# Picky Eater...that's an understatement!



## lily cd re (Jul 23, 2012)

First I can empathize. Lily has had a history of being a picky eater as has my mom's mpoo.

Next I am pretty surprised your vet thought it was okay for Chance to eat cat food. I generally think cat food is not nutritionally appropriate for dogs and the reverse also is true. Cats are obligate carnivores but dogs aren't. So I think you have to find a way to get Chance to eat dog food.

Perhaps he doesn't like what he is offered because it is aggravating to his gastritis.

Here are a couple of ideas (not all exclusive of each other). 1. Let him free feed. 2. Feed wet food mixed with kibble of brands and flavors he likes. 3. Since he has some history of digestive upset get a NutriScan analysis done to make sure he is not intolerant of anything you are trying to get him to eat and switch brands based on that or switch to hom cooking based on the NutriScan results.


----------



## reraven123 (Jul 21, 2017)

I have to second the free feed idea. Zephyr was also very picky, has gotten better since being neutered but still will not eat on a schedule. When he was younger he would not eat kibble at all, now he eats it quite well, but only if it is left out for him. He eats quite a lot at night, usually his bowl is empty in the morning.

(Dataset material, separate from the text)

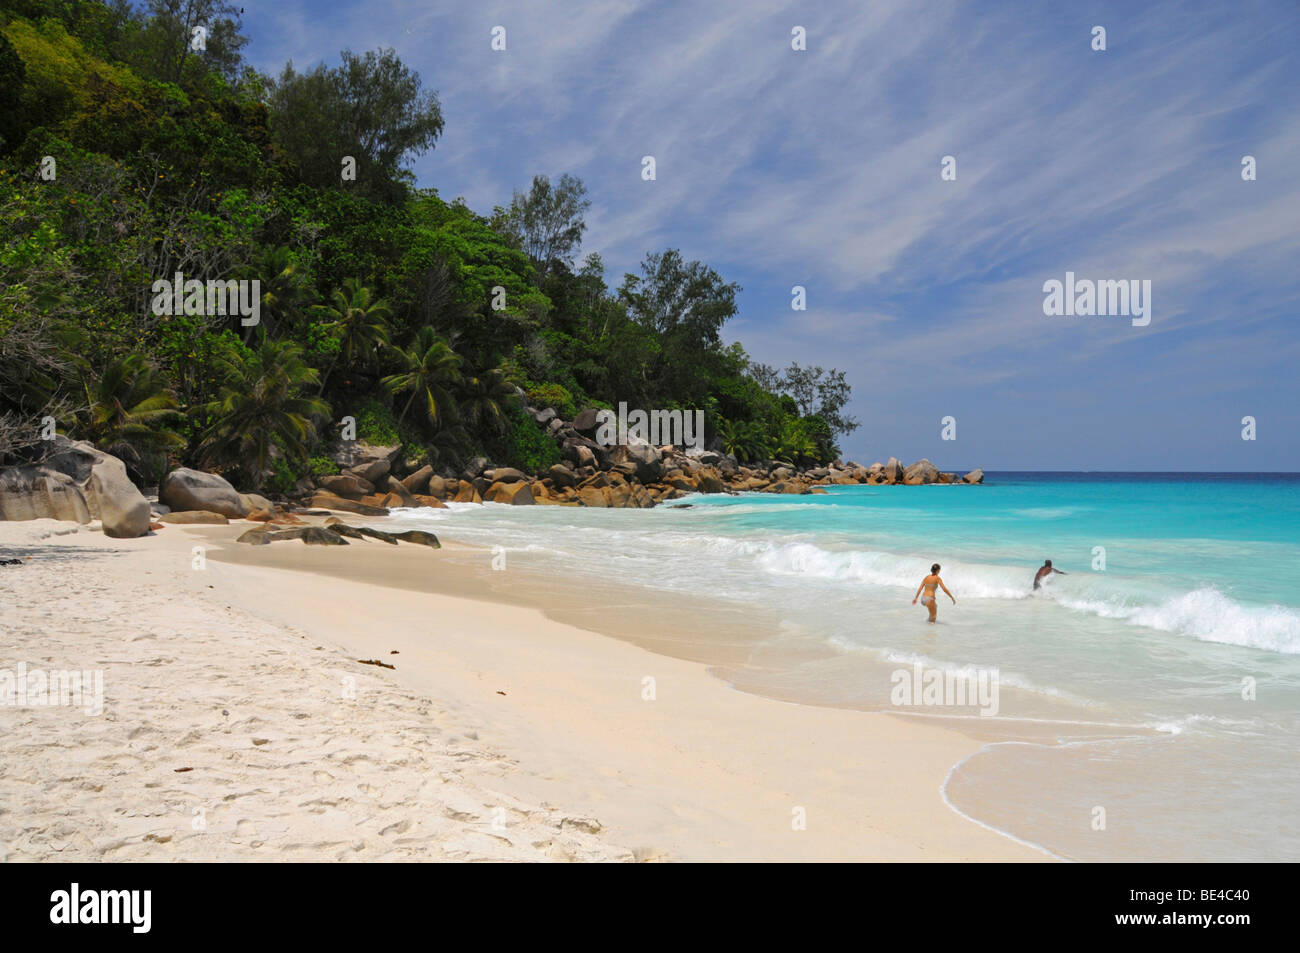 Beach with granite rocks and tropical vegetation, Anse Georgette, Praslin Island, Seychelles, Africa, Indian Ocean Stock Photo

Everything I have read also says that cat food is not nutritionally appropriate for dogs.


----------



## Moni (May 8, 2018)

I sympathize with you - while Poodle Kid is not as difficult as others, I have had extremely picky eaters who would constantly look anorexic even (although generally healthy) just very skinny.
I yet have to see the dog that doesn't like Stella and Chewy's raw freeze dried patties. This is currently about 50% of what Louie eats - the rest is actual raw food. Depending on the size of your Poodles this may or may not be an option. I am recommending the S&C patties not the raw feeding - which is something that takes a lot of work and planning and commitment. I used to feed Taste of the Wild for a while (eons ago) and was then quite pleased with the quality. Free-feeding is a good idea - because that way you get to observe the natural eating habits of your dog (you may just have been offering food at the wrong times). My Poodle for some reason (unlike any other dog I have had) will not eat in the morning at all, but will eat about 80% of his food intake last thing at night... except on days when he comes to the office with me where he will take a light lunch...Poodle antics!


----------



## fjm (Jun 4, 2010)

As you say he is subject to fits of gastritis, I wonder if he is intolerant of one or more common ingredients - it is certainly very unusual for a dog to refuse roast chicken and steak, but if he associates them with stomach pain it would be understandable. Sophy used to enjoy kibble for a few days, then decide it smelled stale, but has never refused chicken! I think I would try a limited ingredient food, perhaps home prepared, adding more variety very gradually and avoiding those things that he is already reluctant to eat. Does he like eggs, or fish perhaps?


----------



## SMSP (Apr 5, 2018)

nola siren



> We have owned Chance since he was 3 months old and he has always been an extremely picky eater. We have tried several types of dry kibble. He seemed to like Taste of the Wild, but this lasted for maybe one day and he would then eat it intermittently.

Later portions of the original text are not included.